To do: The copy must hold every line from the one with "LEGO Ideas 21316" through the end of the listing, word for word, and must hold no pictures.

Exercise data:

»»

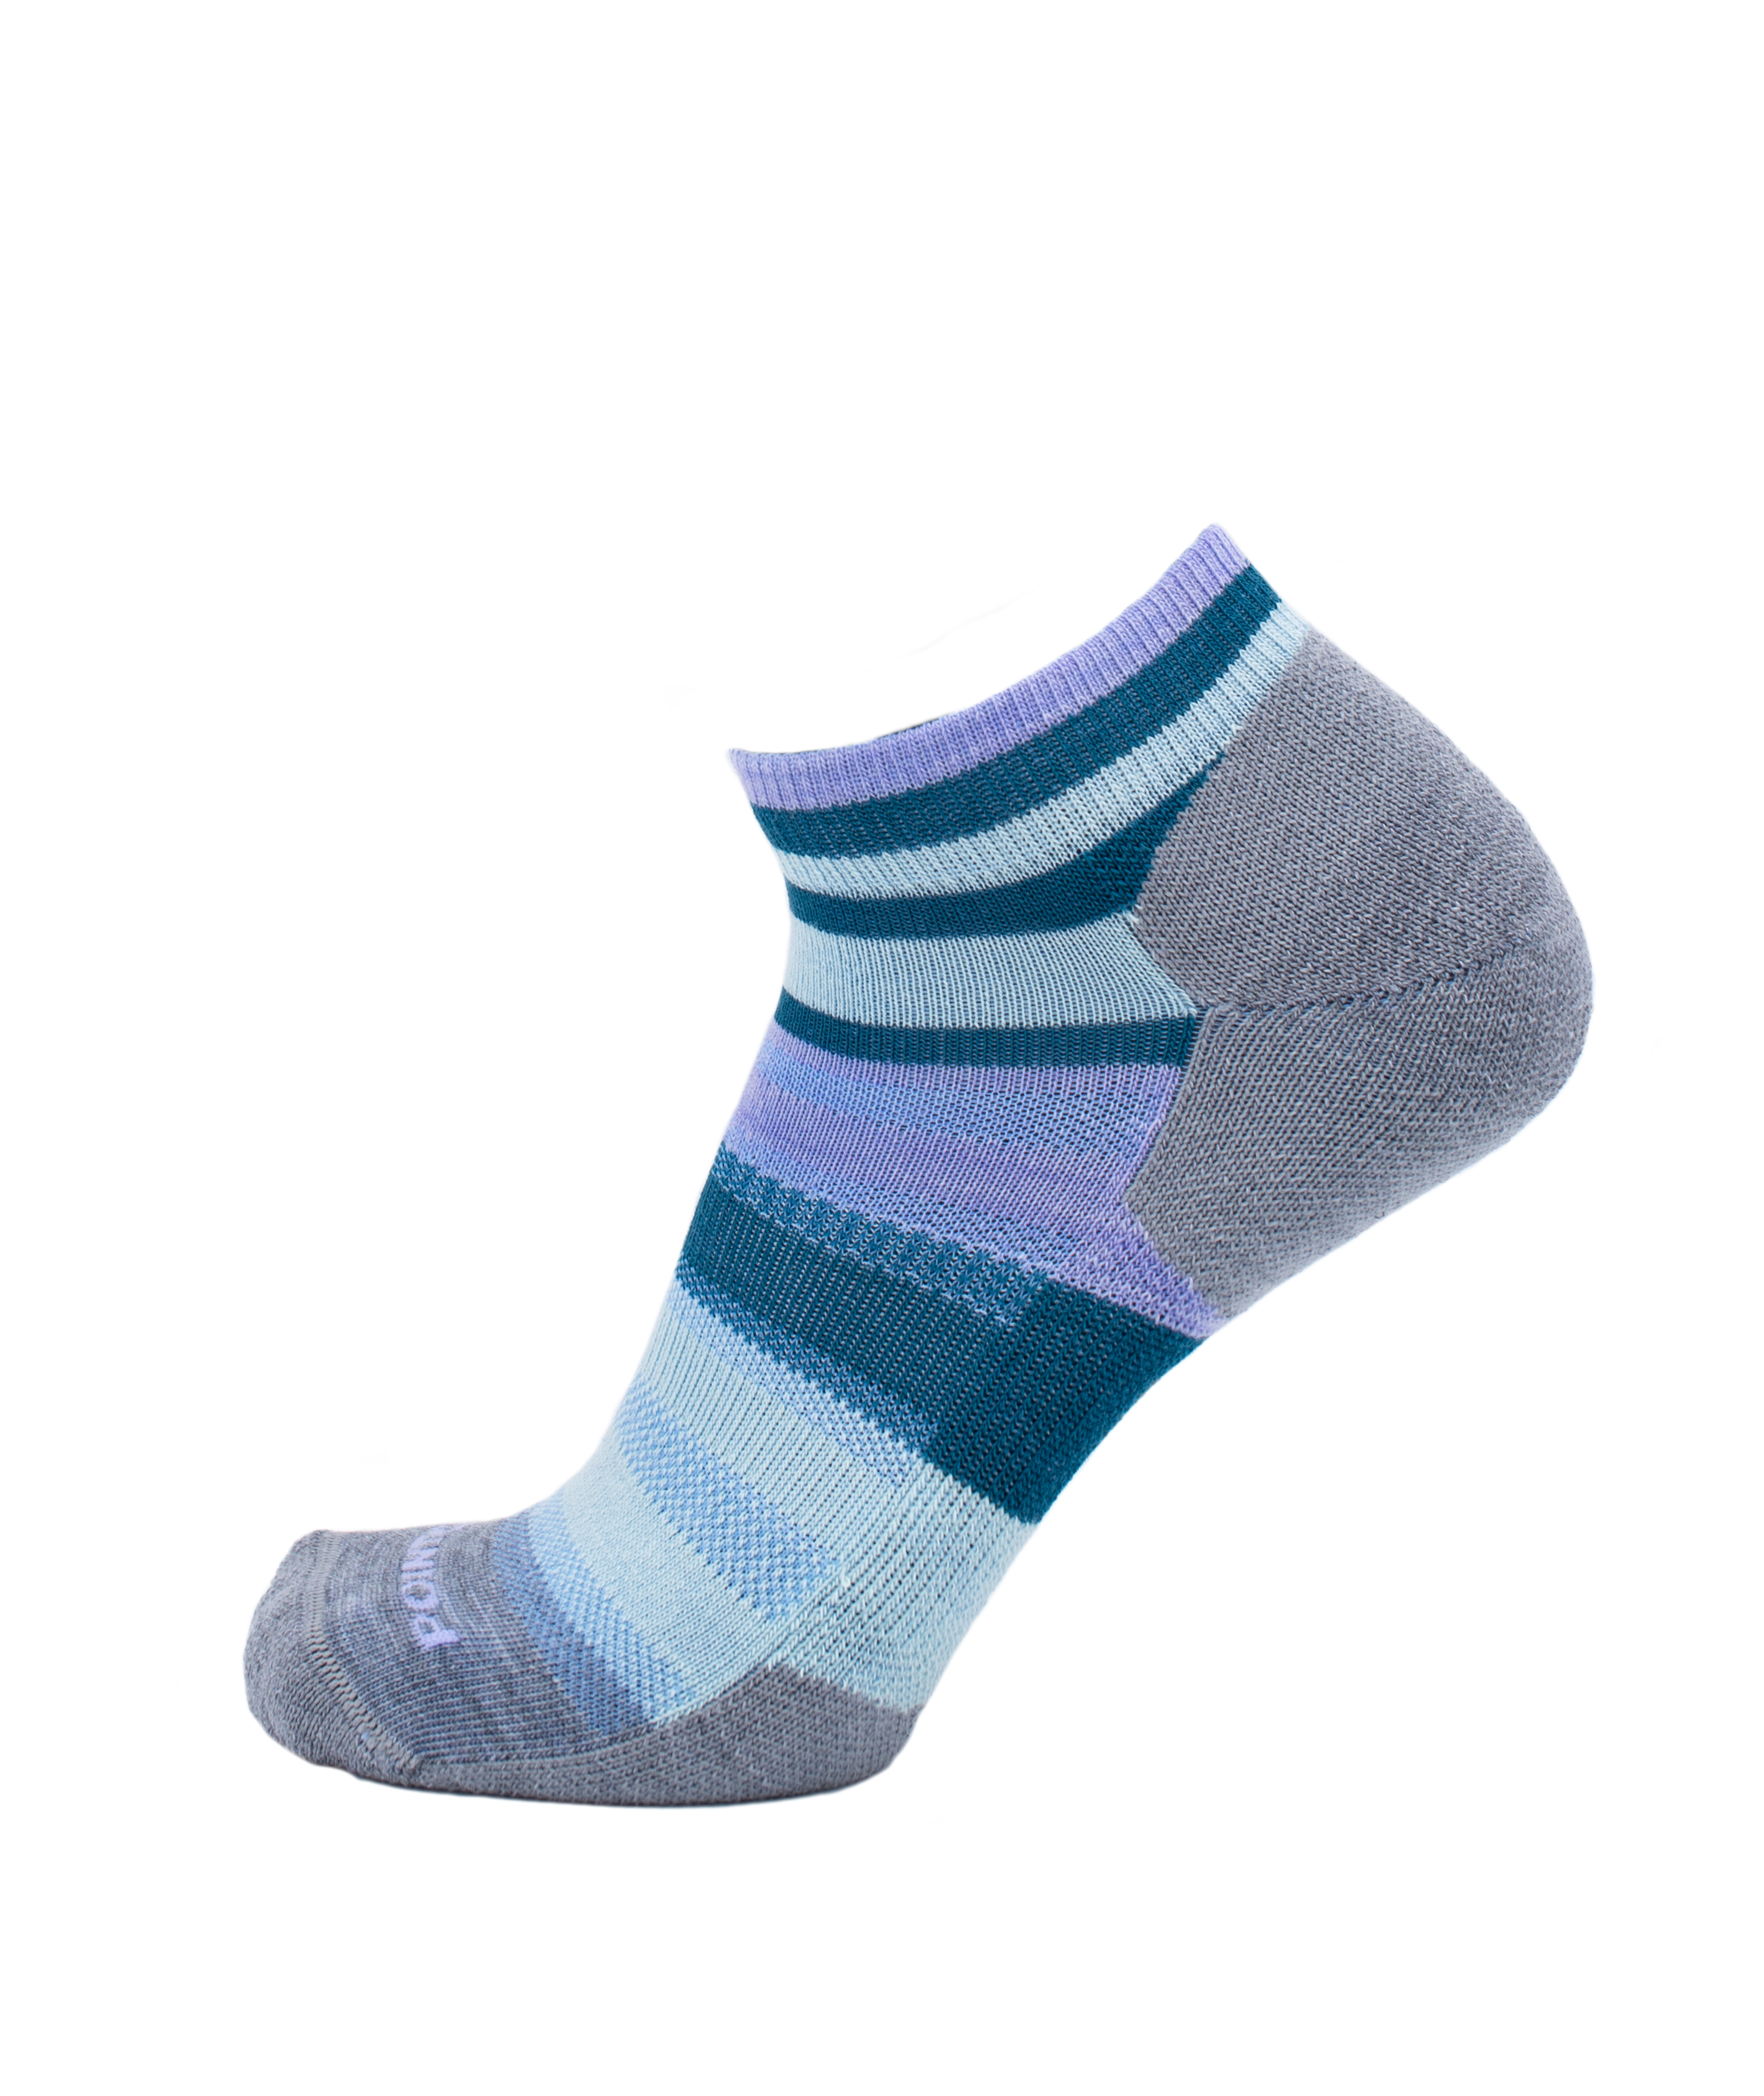 Men's Superior Merino Wool Socks - Point6
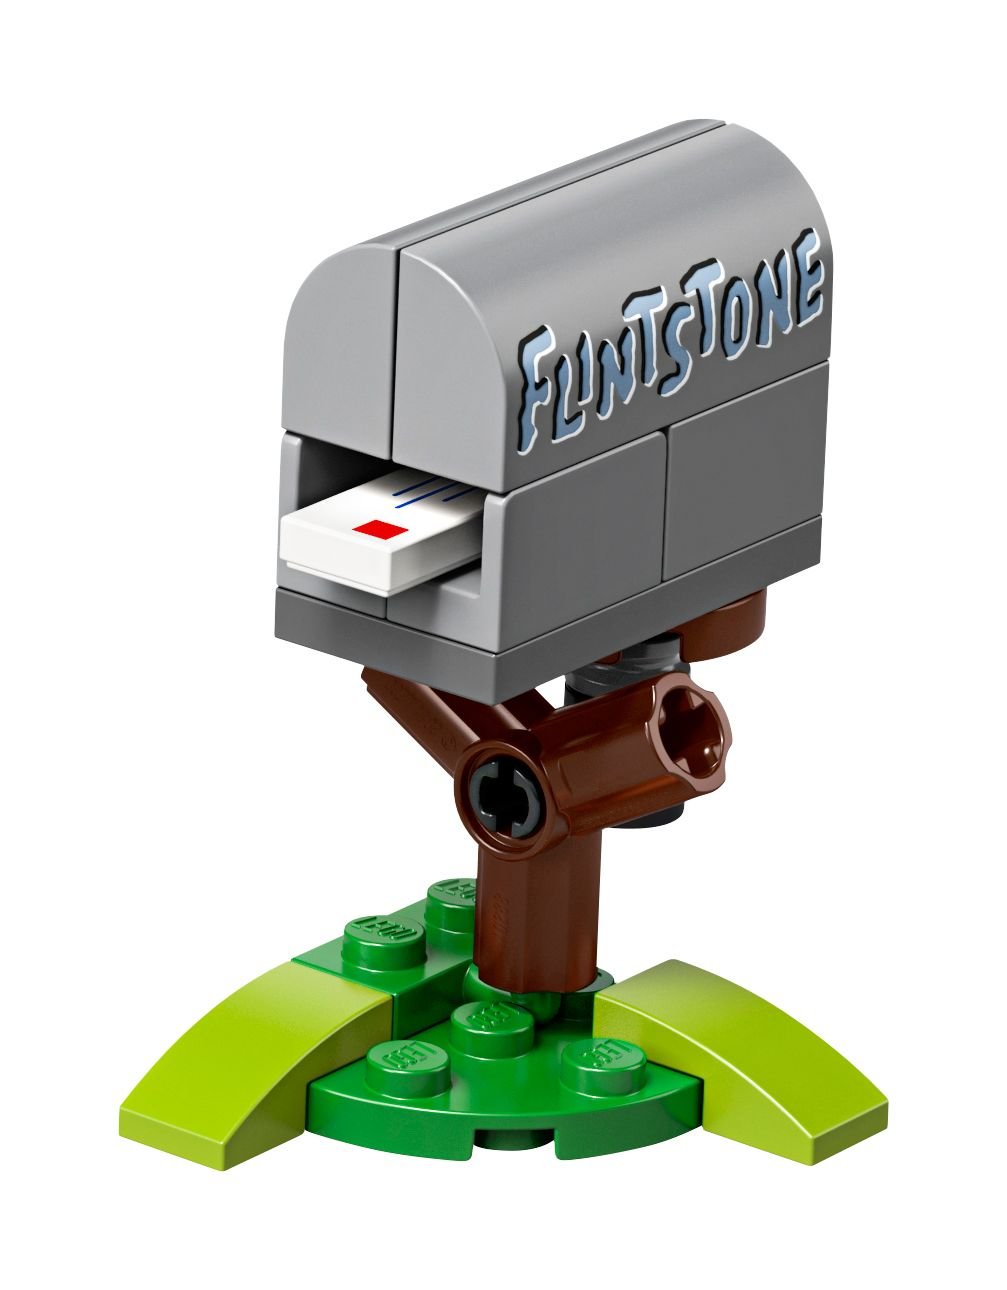 LEGO Ideas 21316 The Flintstones - Familie Feuerstein LEGO_21316_alt11.jpg
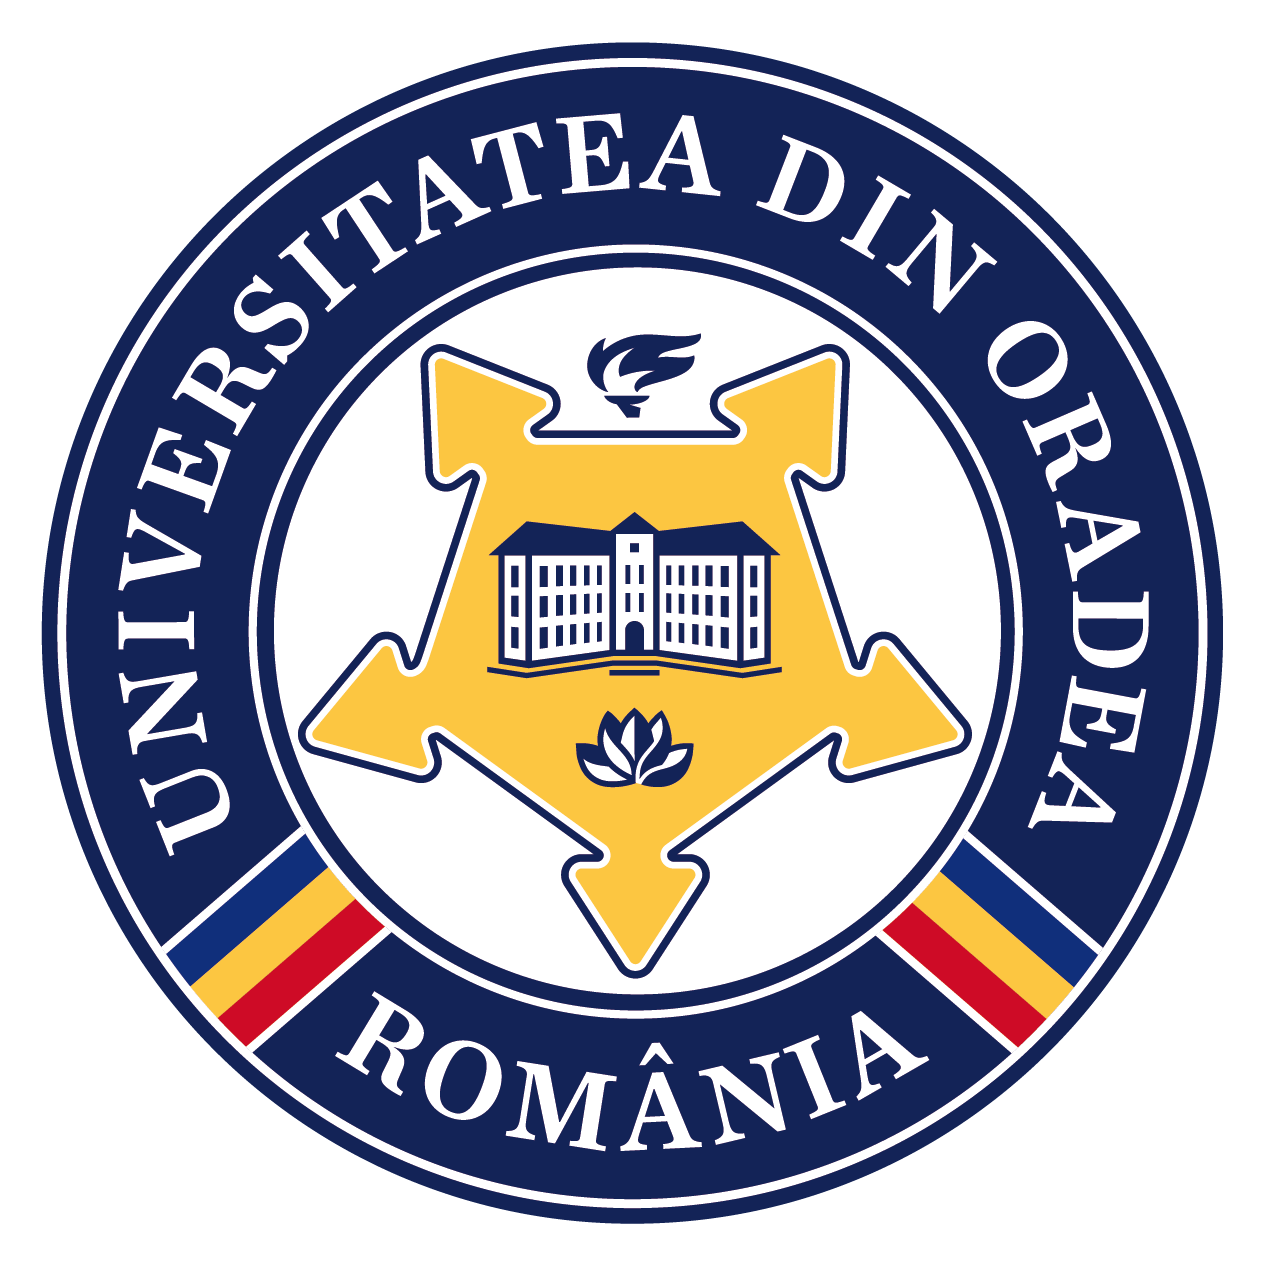 Seal of the University of Oradea

««

Written solution:
 LEGO Ideas 21316 The Flintstones - Familie Feuerstein LEGO_21316_alt11.jpg
 Seal of the University of Oradea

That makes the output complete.